Ruling: Corporations bound to give contraception coverage

10/25/2013
BLADE COLUMBUS BUREAU

CINCINNATI — A federal appeals court on Thursday reaffirmed its decision that for-profit corporations can’t avoid a mandate under the Affordable Care Act to provide contraception coverage for female employees, this time in a case involving Lenawee County’s Eden Foods Inc.

Eden and its sole shareholder, Michael Potter, sought to block enforcement of the law, arguing that it conflicts with the Roman Catholic owner’s “deeply held religious beliefs” and that tax penalties for noncompliance would endanger the natural foods company.

The Clinton, Mich., firm has 128 employees, well over the threshold of 50 triggering compliance with President Obama’s signature health-care law.

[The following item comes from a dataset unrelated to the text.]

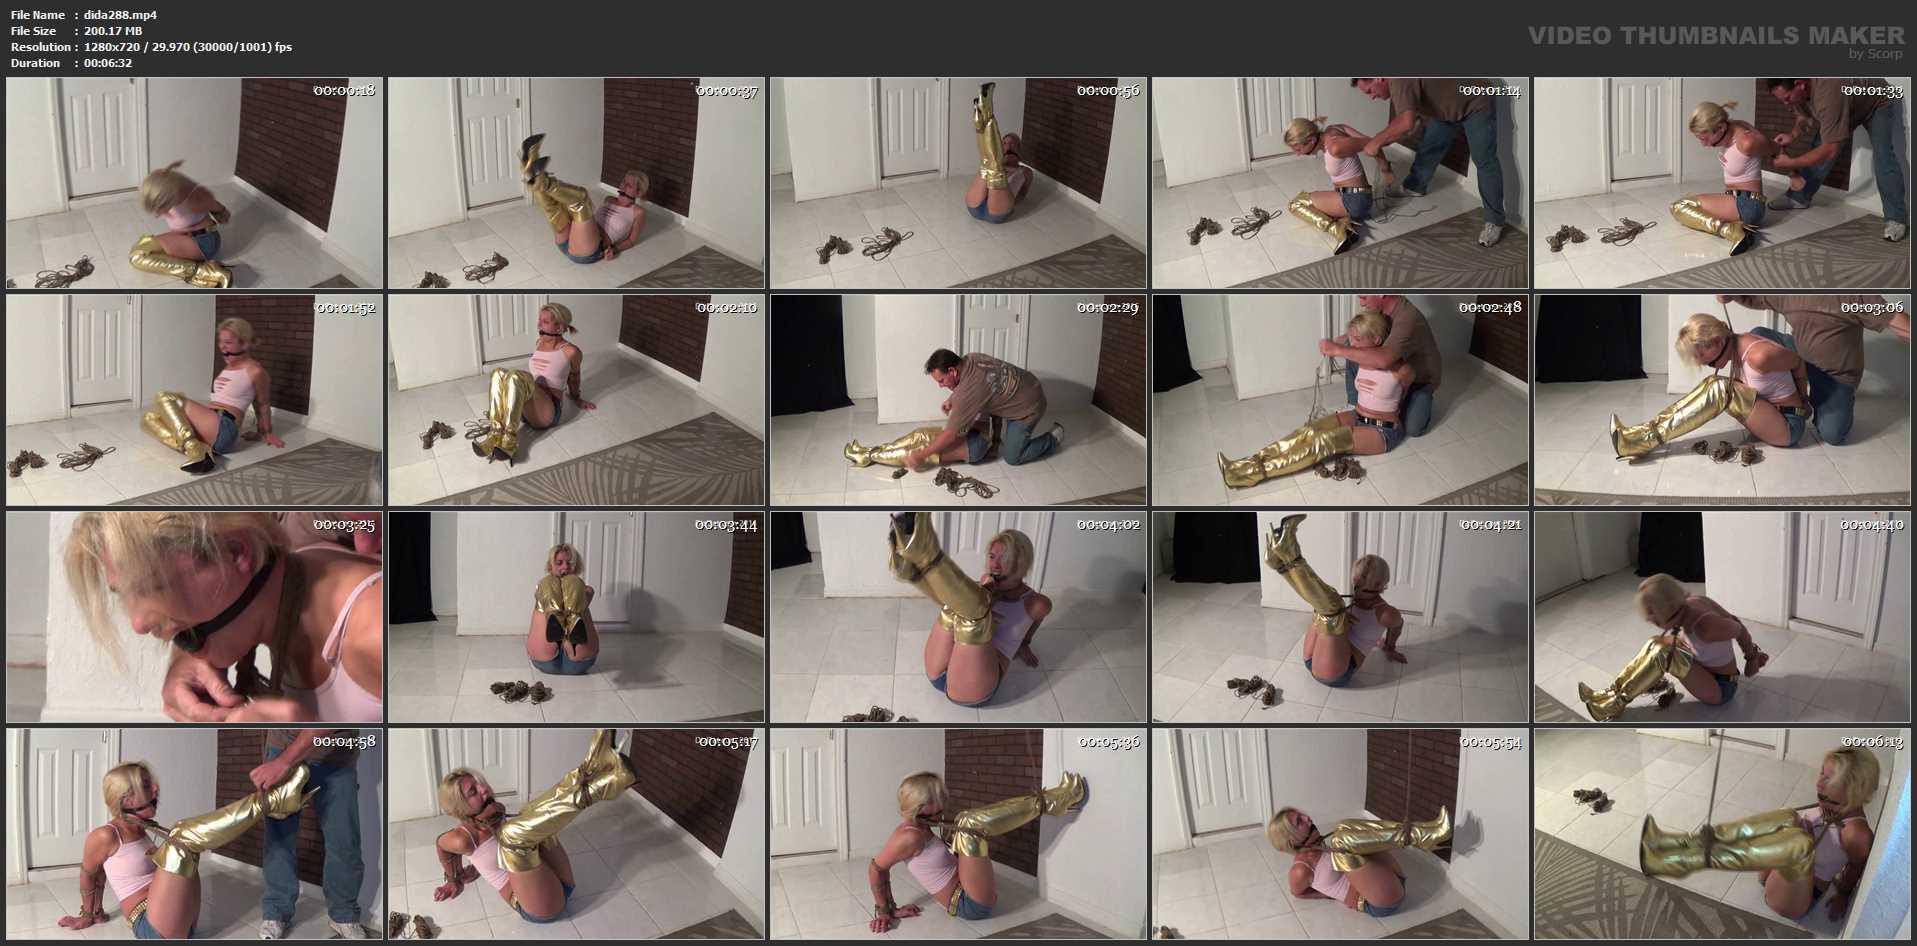 [DIZDAT] Briella Jaden [HD][720p][MP4]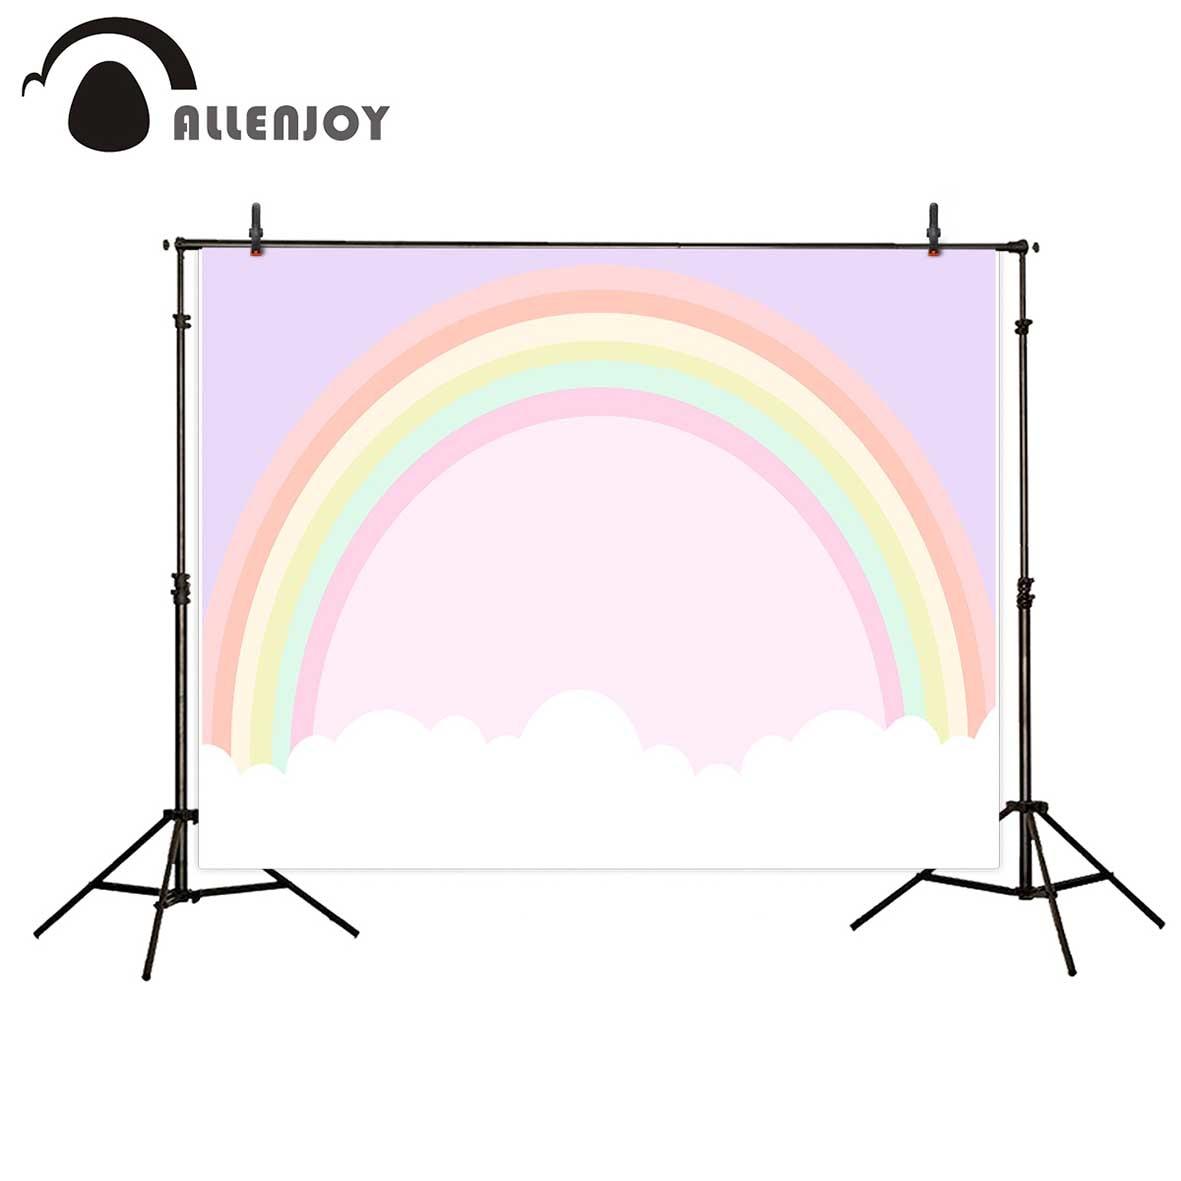 Allenjoy photographic background Rainbow Cloud Custom Birthday Children new backdrop photocall photo print customize fotografia

It says it could be taxed at the rate of $2,000 a year per employee for noncompliance.

But the Cincinnati-based U.S. 6th Circuit Court of Appeals, as it did last month in a case involving Autocam Inc., of Kentwood, Mich., ruled that a private, secular, for-profit corporation cannot exercise religious beliefs and must, therefore, comply with the law.

“By incorporating his business, Potter voluntarily forfeited his rights to bring individual actions for alleged corporate injuries in exchange for the liability and financial protections otherwise afforded him by utilization of the corporate form,” wrote Senior Judge Martha Craig Daughtrey, a 1993 appointee of Democratic President Bill Clinton.

“Adoption of Potter’s argument that he should not be liable individually for corporate debts and wrongs, but still should be allowed to challenge, as an individual, duties and restrictions placed upon the corporation would undermine completely the principles upon which our nation’s corporate laws and structures are based,” she wrote. “We are not inclined to so ignore law, precedent, and reason.”

Judge Daughtrey was joined by Judges R. Guy Cole, Jr., a 1995 Clinton appointee, and Judge Helene N. White, a 2008 appointee of Republican President George W. Bush. It was a different three-judge panel from that which decided the Autocam case. The issue, although not necessarily this case or the Autocam case, will ultimately be decided by the U.S. Supreme Court. The high court has been asked to hear an appeal of a similar case involving Oklahoma-based Hobby Lobby.